All right. So what do we know? We know that interdependence made hunter-gatherer groups more sociable among themselves and eventually with other groups. We know that greeting rituals in hospitality were evolved to reconcile the threat strangers pose with the opportunities that present… We know that we’re wired to favour our groups, but also that our definition of our group is flexible. We know that we’re predisposed to like people with whom we have something in common, even if we have no idea who they are and even if it consists of little more than wearing the same baseball cap. We know that cities can bring us together with countless strangers, but they can also create social norms that keep us apart. We know that talking across group boundaries can make us anxious, and we know that the relentless messaging about stranger danger that several generations were clobbered with has warped our sense of threat and possibly harmed our ability to trust.

(Page 166)

I won’t summarise the arguments for how talking to strangers was crucial to human survival in prehistoric times, or how rituals were devised to make it safe.
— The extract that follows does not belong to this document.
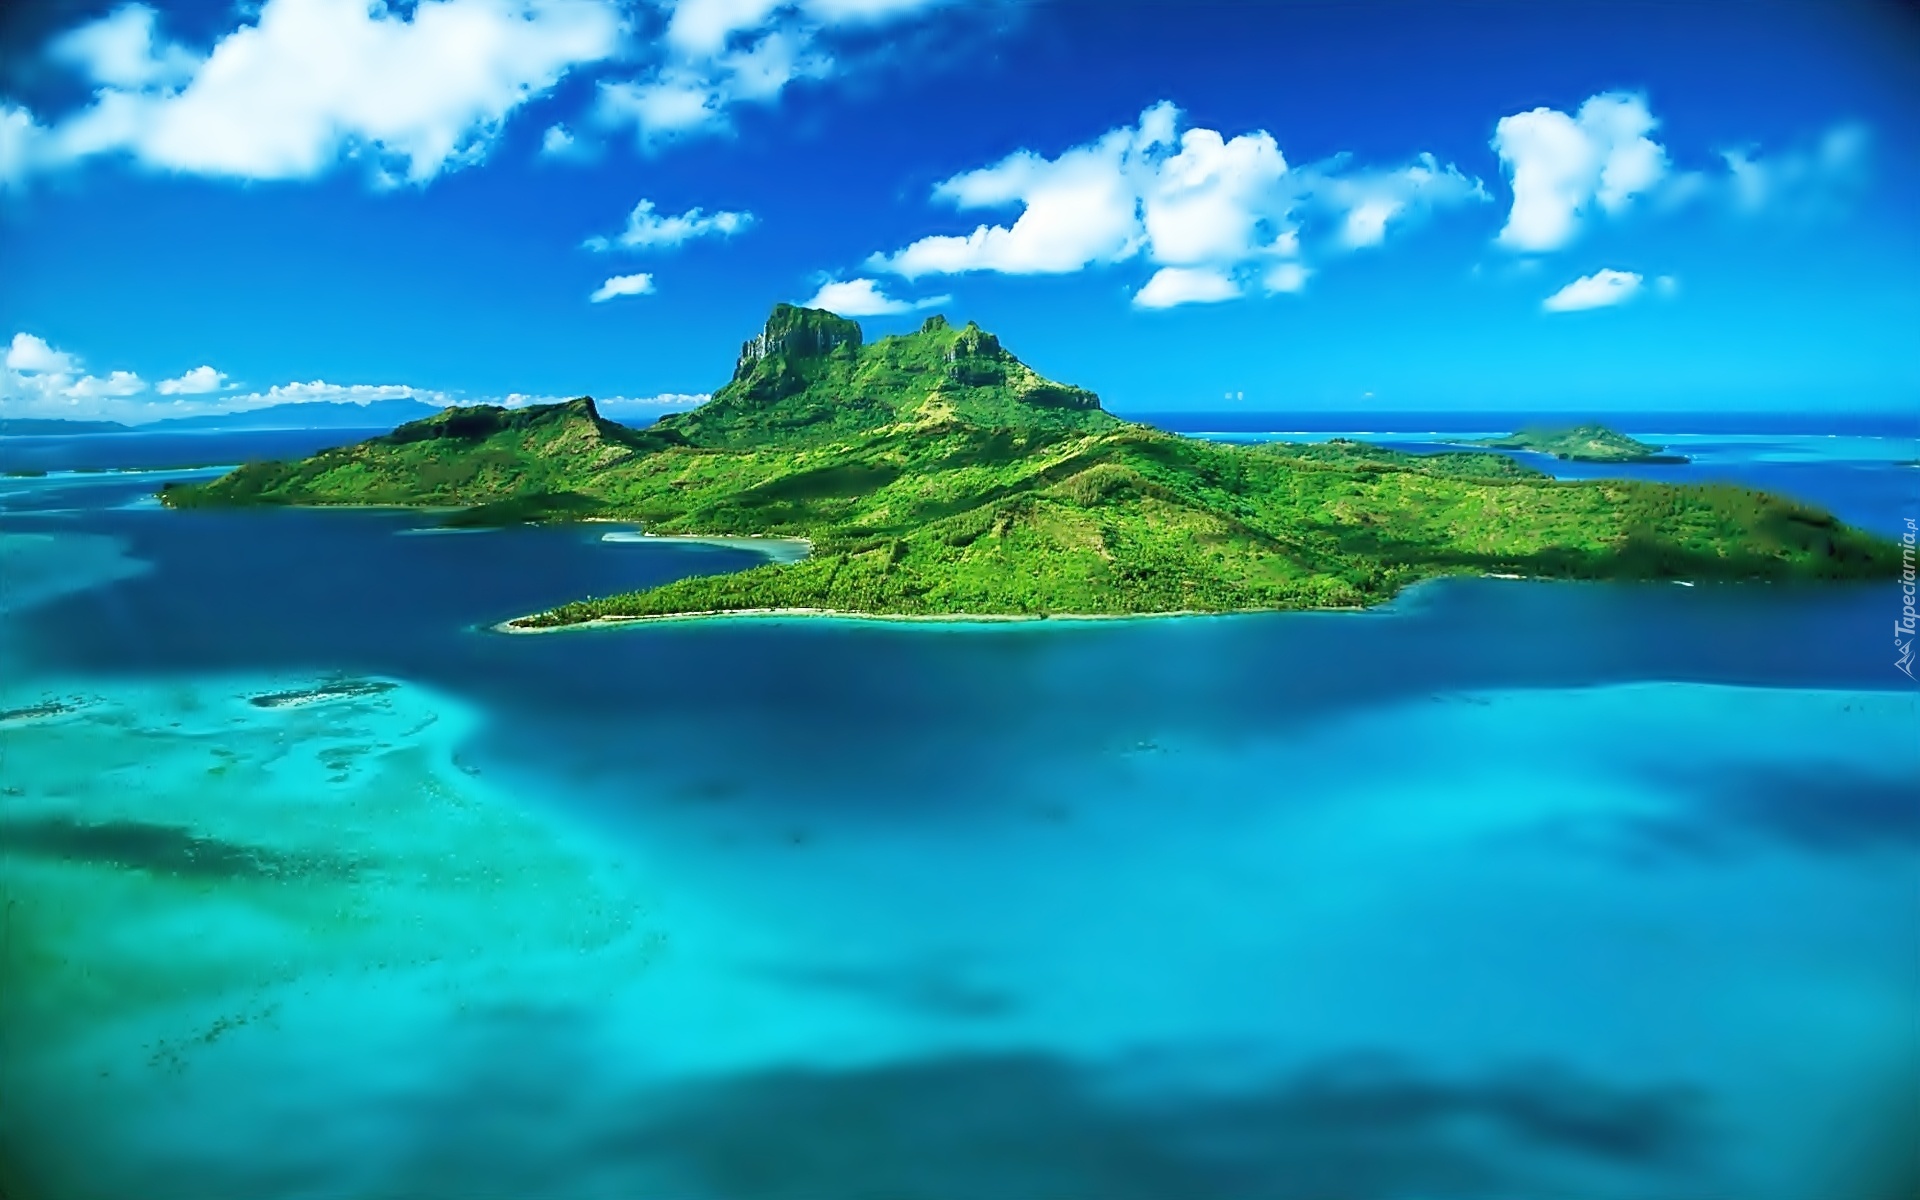 Polinezja Francuska, Bora Bora, Morze, Wyspa
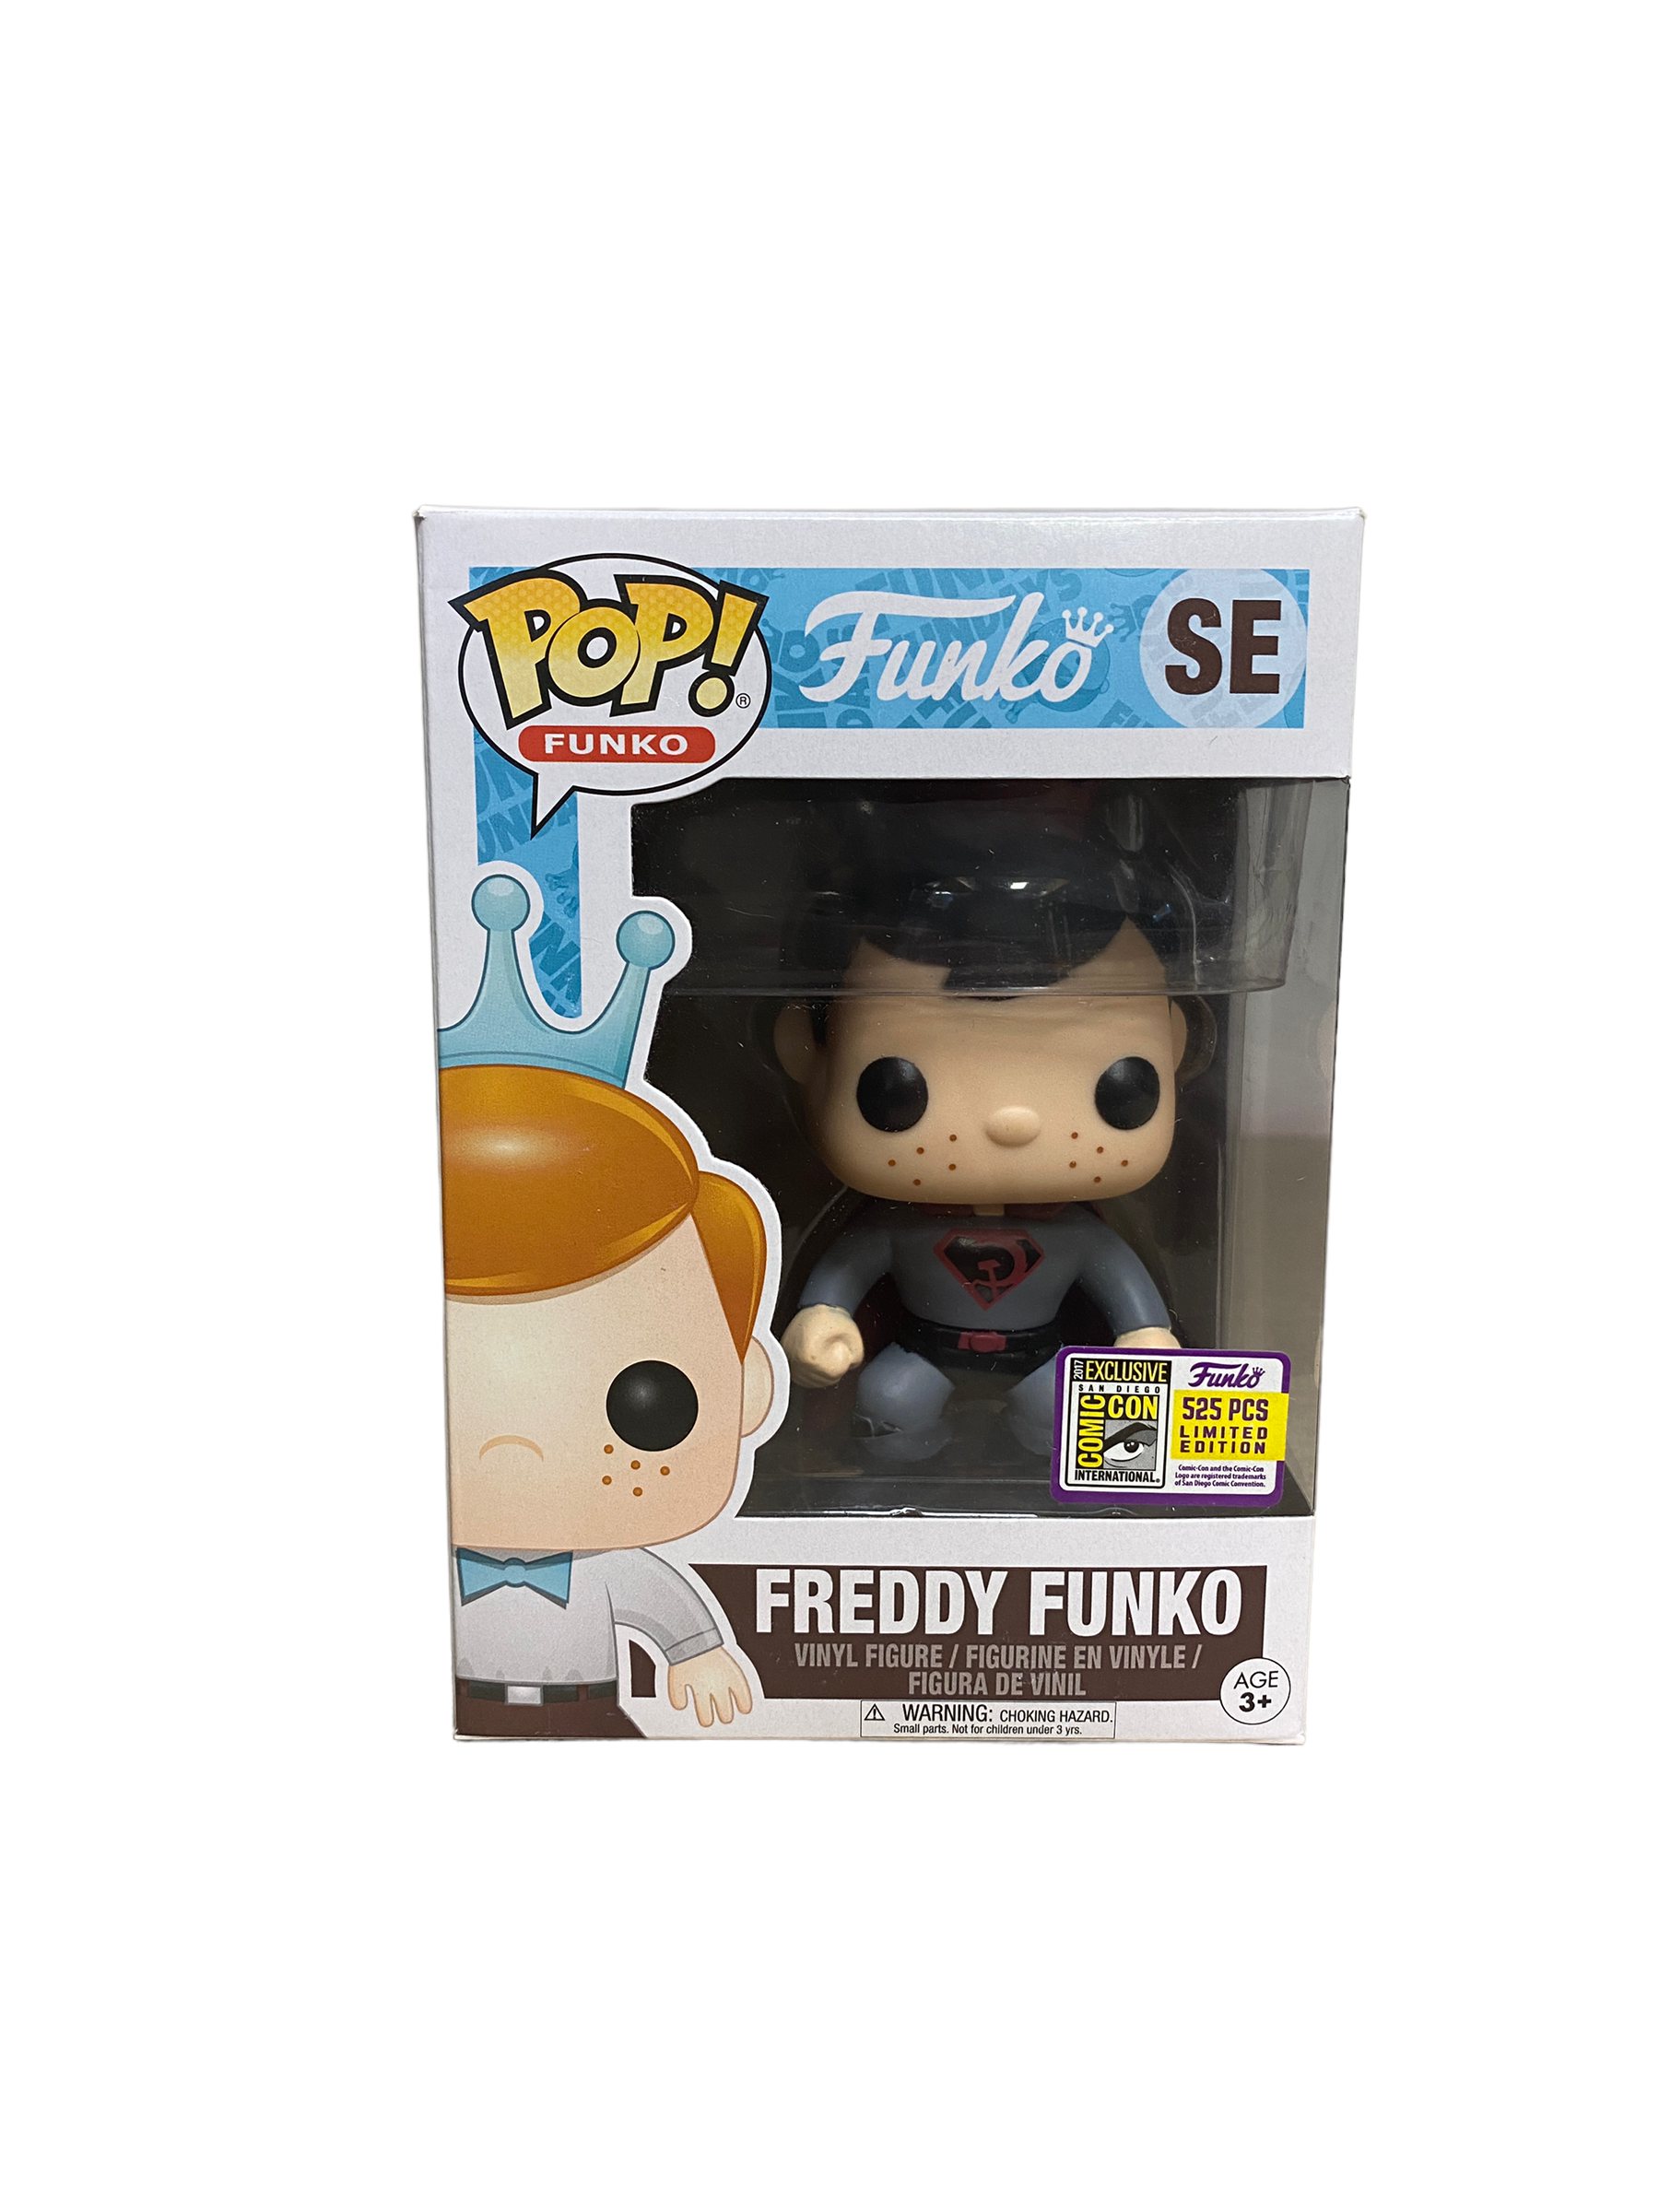 Freddy Funko as Superman Red Son Funko Pop! - SDCC 2017 Exclusive LE525 Pcs - Condition 8.75/10

I won’t do more than mention the experiments that show people’s sense of wellbeing increasing noticeably after they talk to a stranger, or even greet them with a wave and a smile. I won’t go into the fascinating findings that in places with high levels of generalised trust people tend not to be friendly to strangers, and vice versa, Australia being a rare, even possibly unique, exception: evidently we’re both trusting and friendly. I’ll skip over the lesser minds problem, that is, the common practical assumption that strangers aren’t fully human; and the self-explanatory phenomenon of absent presence. I’ll refrain from relaying the story of the viene-vienes in Mexico City (you can read about them here).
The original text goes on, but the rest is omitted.